# 10 Gallon Tank Overcrowded?



## kdharvey (Mar 21, 2008)

I have a 10 gallon tank with a filter, heater, and light and plenty of plants and a hideout (a fake log with a few holes in it and a hollowed out inside). It's been matured for about a month and I'm done adding all the fish but I'm worried that it might be overcrowded so I'd like to know what you guys think! I have 6 Pygmy Cories, 8 Neon Tetras, 1 Saimese Algea Eater (I think), and 1 Dwarf Flame Gourami. I clean the gravel and glass once a week and do about a 25% water change. I also test the ammonia, Nitrite, and Nitrate about once every two weeks. So hopefully I'm doin what I should be! Any comments about my set-up are welcome, thanks!


----------



## herefishy (Dec 14, 2006)

Yep, overcrowded. Too many fish.

Test water weekly. Smaller tanks demand more attention. And use a liquid reagent test kit not strips.

Ix-nay one the SAE. Maybe the gourami too.
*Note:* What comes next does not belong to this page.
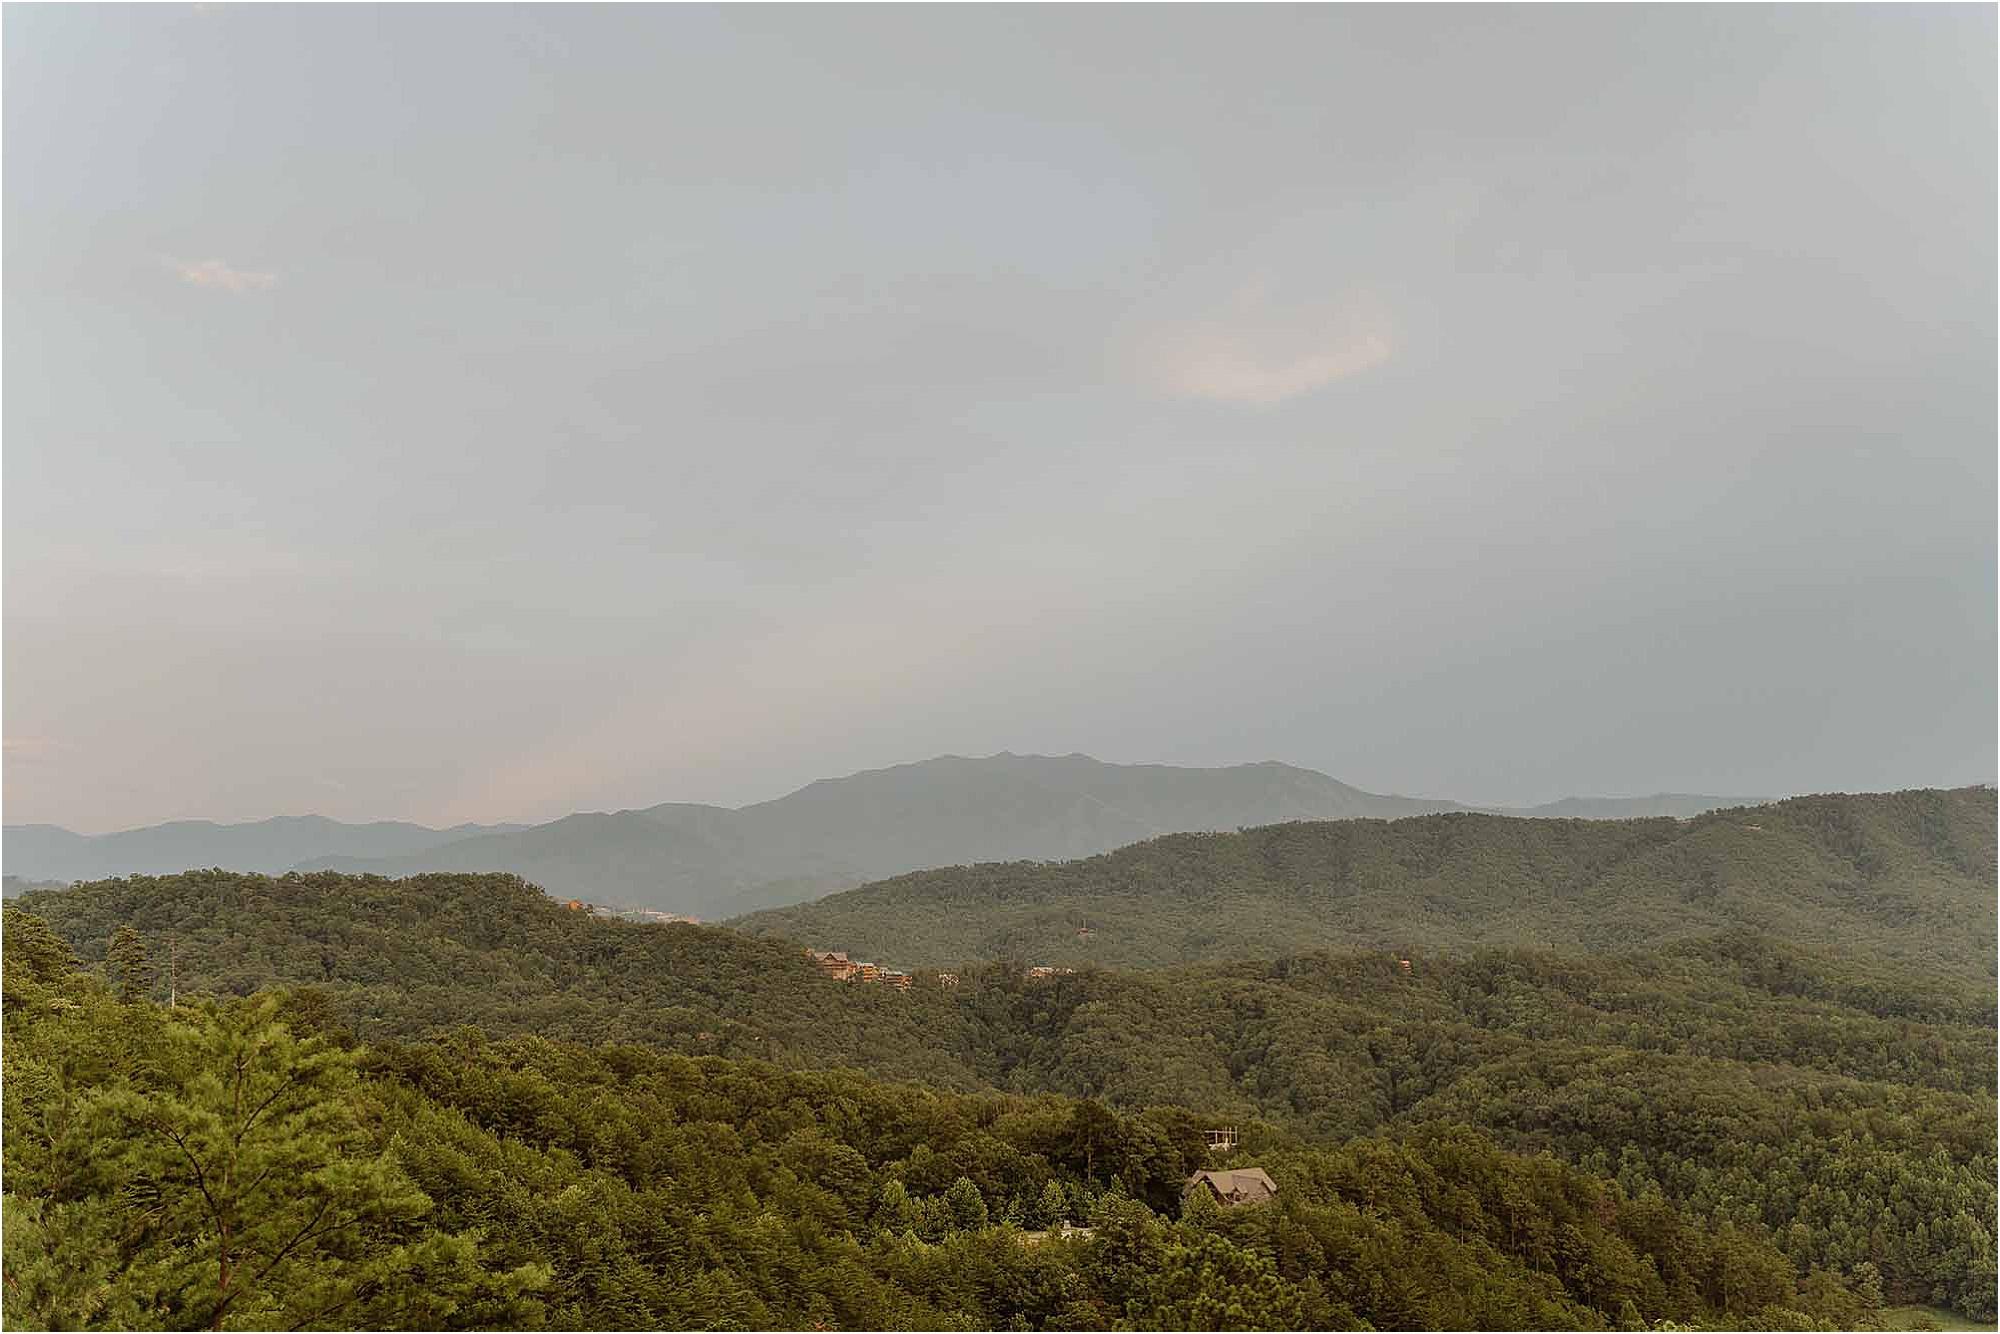 Smoky Mountain wedding venue with a view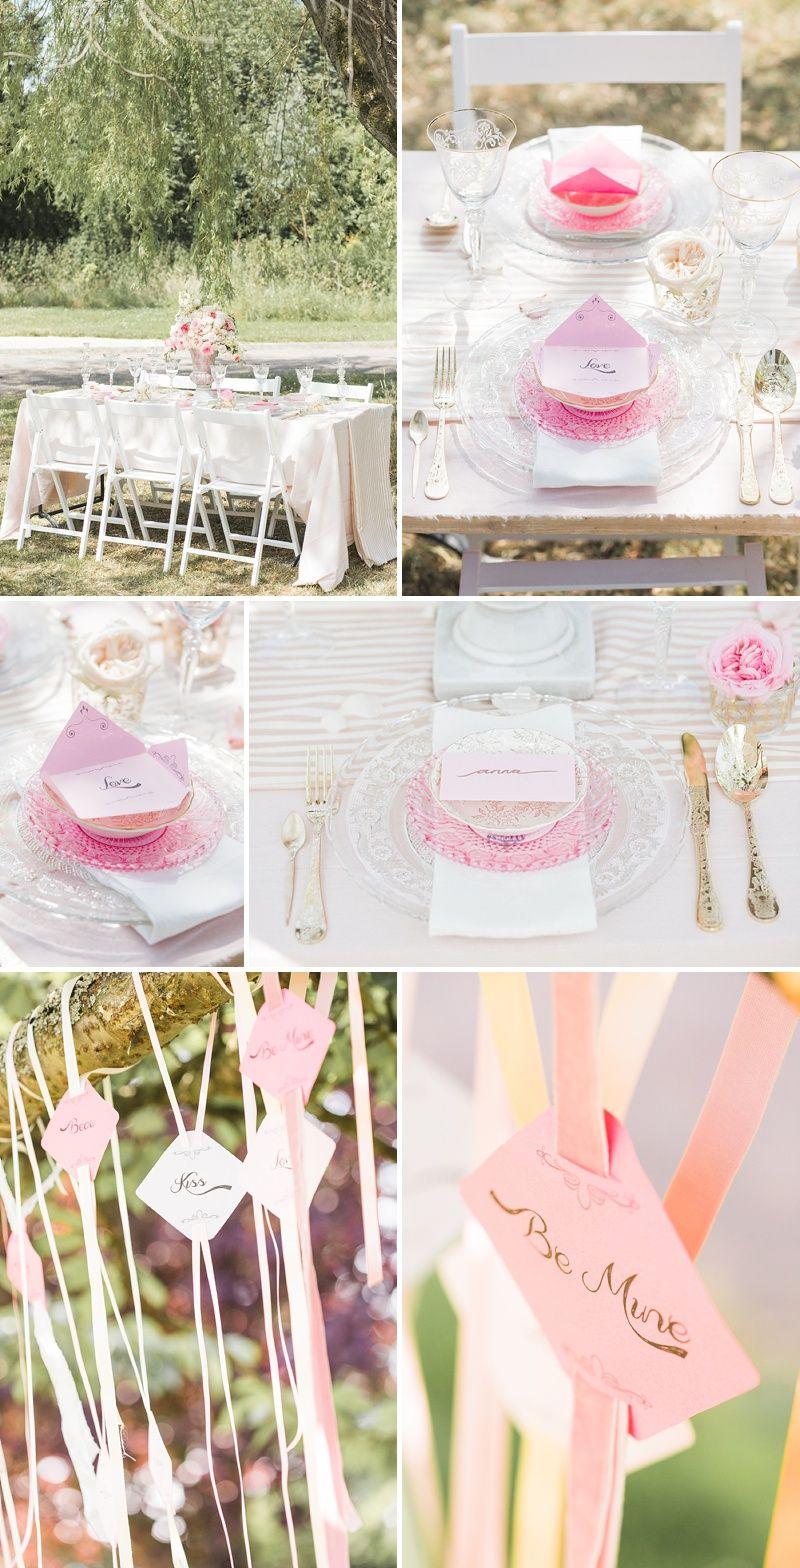 DIY Hanging Decor & Wedding table stationery   DIY wedding, Wedding ...

Neons can be tough. Try cardinal tetras instead. Bigger, healthier and more, but similar, color.


----------



## fried rice (Feb 26, 2008)

you have way too many fish, its usually a rule of thumb one inch of fish per gallon of water, smaller tanks are harder to take care of because small chemical changes can have deadly consequences, its like putting a cup of salt in a gallon of water, the fish in the gallon would die but if you put a cup of salt in a 50 gallon tank the fish could still survive


----------